It’s huge and it’s boxy, but this humidifier is designed to humidify an entire house–up to 2,500 square feet. Using an evaporative scheme and unheated, natural, evaporated water, this humidifier requires less energy than warm mist or steam units. You likewise won’t have to deal with white dust, spray, or mist on furniture or floors. Other gains of the evaporative system include: relief from sensations or changes of arid skin, itchy eyes, chapped lips, and scratchy throat; it prevents plants and furniture from getting overly dry; and scaled down static electricity protects computers and electronics. This humidifier’s water bottle holds 5 gallons and disperses up to 12 gallons of water per day, refilling effortlessly and neatly in the sink by way of an included hose. Cleaning the rest of the appliance is just as simple: the power unit lifts off the top of the humidifier for easy cleaning and servicing, while the evaporative wick, which filters out solid homogeneous inorgani substance deposits, likewise lifts out for replacing. Controls are concealed behind a panel on the top of the unit. Select a preferent humidity from the humidistat dial and this model will mechanically turn itself on and off to maintain the chosen humidity level. In addition, the humidifier’s fan offers three settings. This humidifier measures 24 by 13-1/2 by 22 inches, with casters on the bottom for easy rolling from room to room. Bemis covers this unit underneath a one-year fixed warranty. –Cristina Vaamonde
Whole House Humidifier
Console style whole house evaporative humidifier, contemporary style, full-size performance in a midsize humidifier. Midsize makes this humidifier popular, automatic humidistate maintains optimun humidity level, refill light, automatic shutoff, 12 gallons of output per day, humidifies 2500 sq ft. 3-speed fan ,5.0 gal water-holding capacity, easy-fill water bottle with refill hose, Bemis patented super wick, removebale power pack for easy cleaning, ez-roll casters, 24×131/2×22, 22.5lbs. Color-Oak Burl
A whole house humidifier or furnace mounted whole house humidifier is just another example of an exceedingly neglected element of our house – on top of a brick chimney, an attic, and a crawlspace, which fall into the same basket.
If you’re not going to maintain it, it’s probably a bad idea to get a whole house humidifier. Since it is attached to a forced air heating system that constantly circulates air allround the house, poor maintenance may invent surroundings attracting mold growth and support reproduce of dust mites.

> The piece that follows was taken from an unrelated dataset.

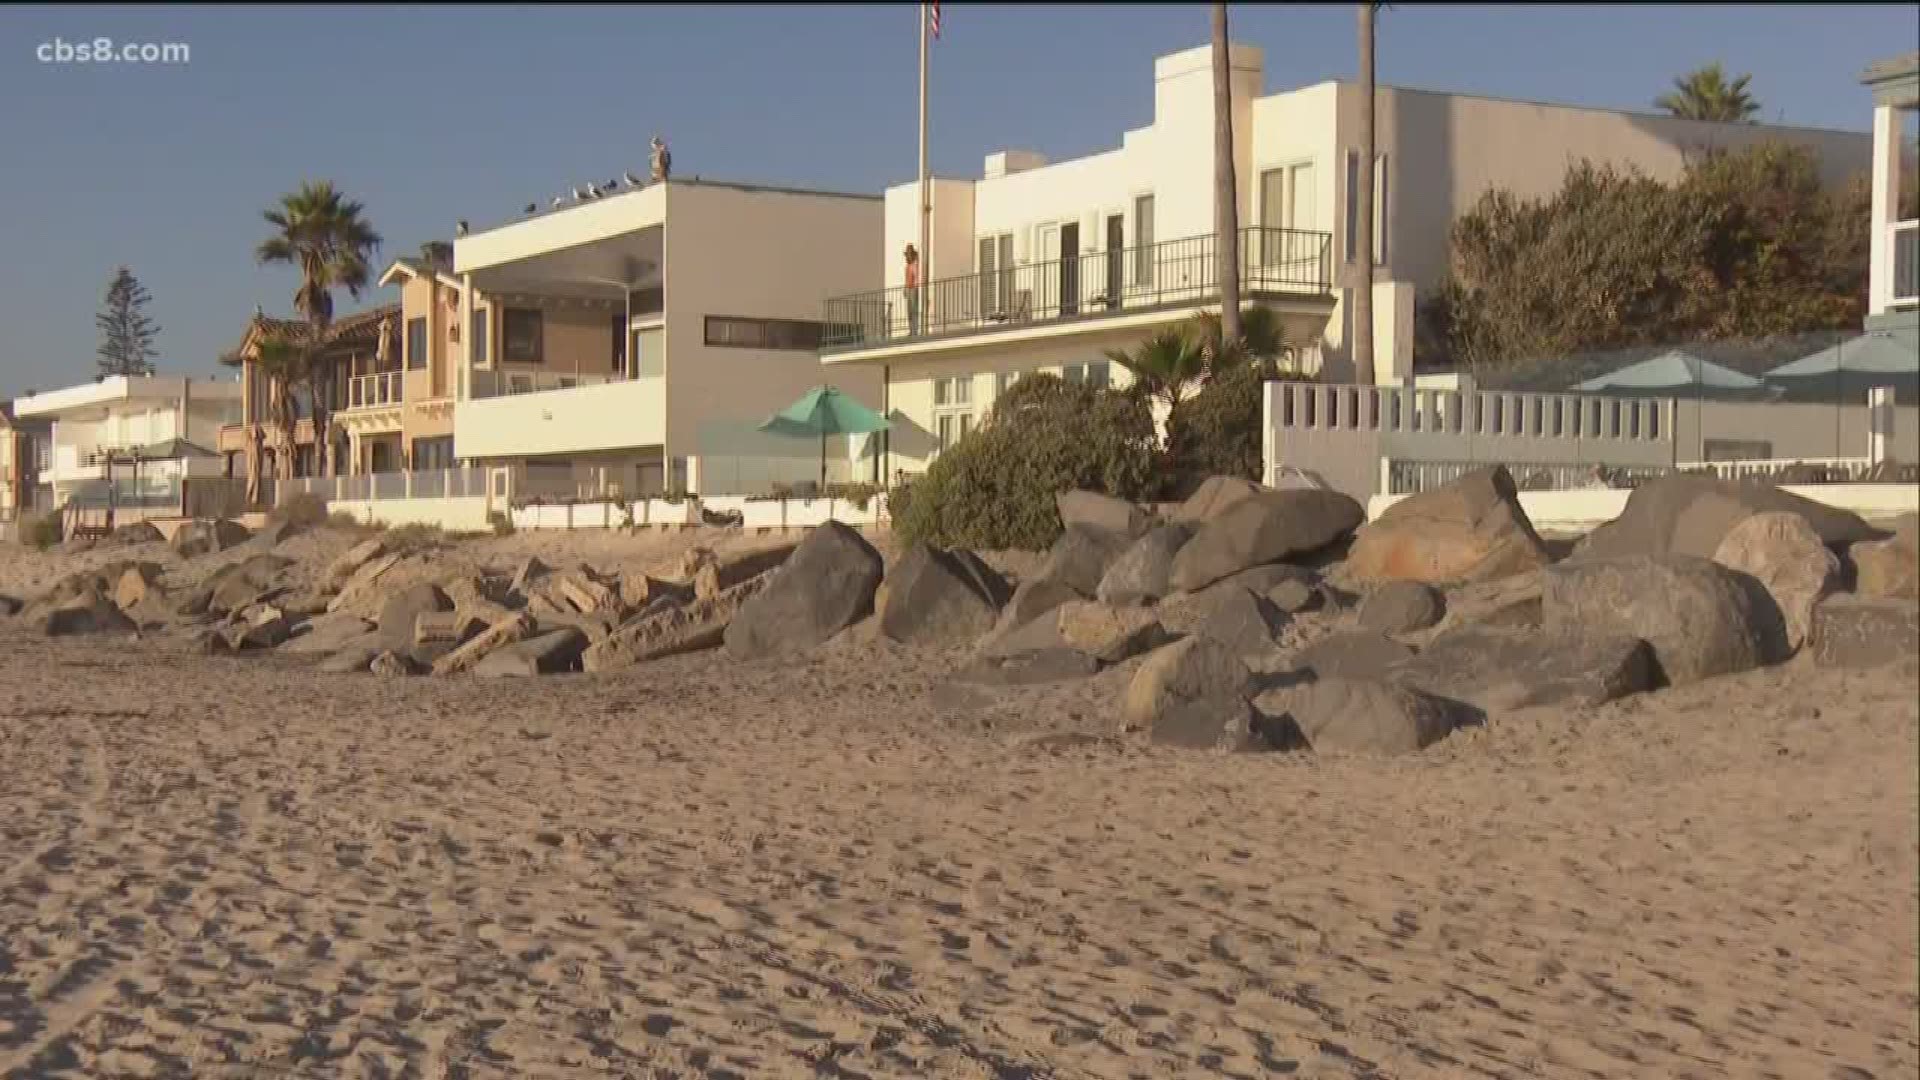 The Coastal Commission has proposed a strategy known as “managed retreat” but some Del Mar residents say the plan is unacceptable.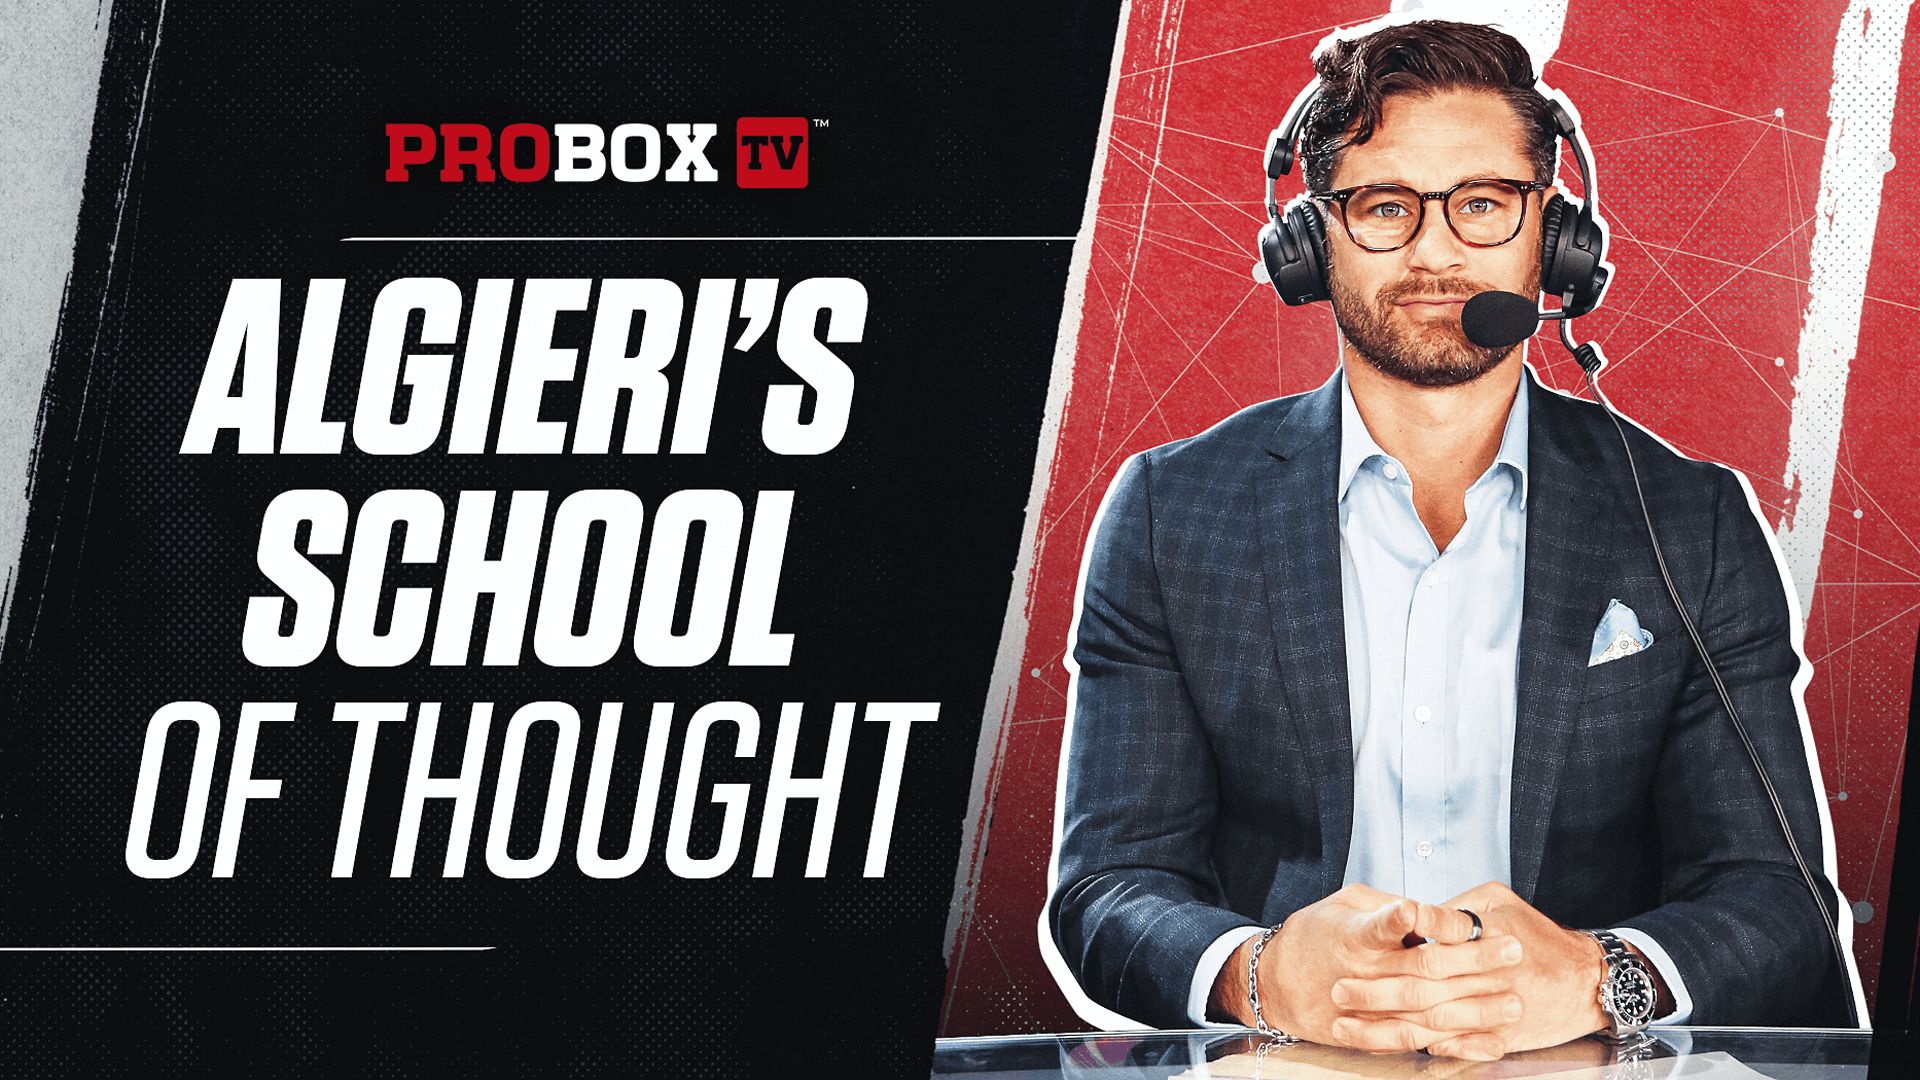 Chris Algieri's School of Thought: Like Mayweather-Pacquiao, Crawford-Spence is happening past its peak, but will be more competitive than ever

Properly operating and preserving a whole house humidifier helps us relieve numerous physical discomforts affiliated with cold / arid weather, including respiratory troubles and arid skin and lips. It also lowers or totally does away with static electricity, cosmetic wall trim separations, cracks in finishes, separating hardwood floor boards, etc. The trick is to remainder the amount of moisture in your home at such a level which will gain your health, living environment, and save energy rather of creating conditions which now and again cause mold or other biological organism growth (excessive moisture could do that). And for proper humidity balancing, you either have to observe and monitor your environment, or buy an electronic device which will do it for you. In general, the humidity in your house will have to not exceed 50% (35% – 50% is the most comfortable). Higher levels will normally formulate condensation on windows, at times on walls and ceiling surfaces, or possible mold and mildew growth.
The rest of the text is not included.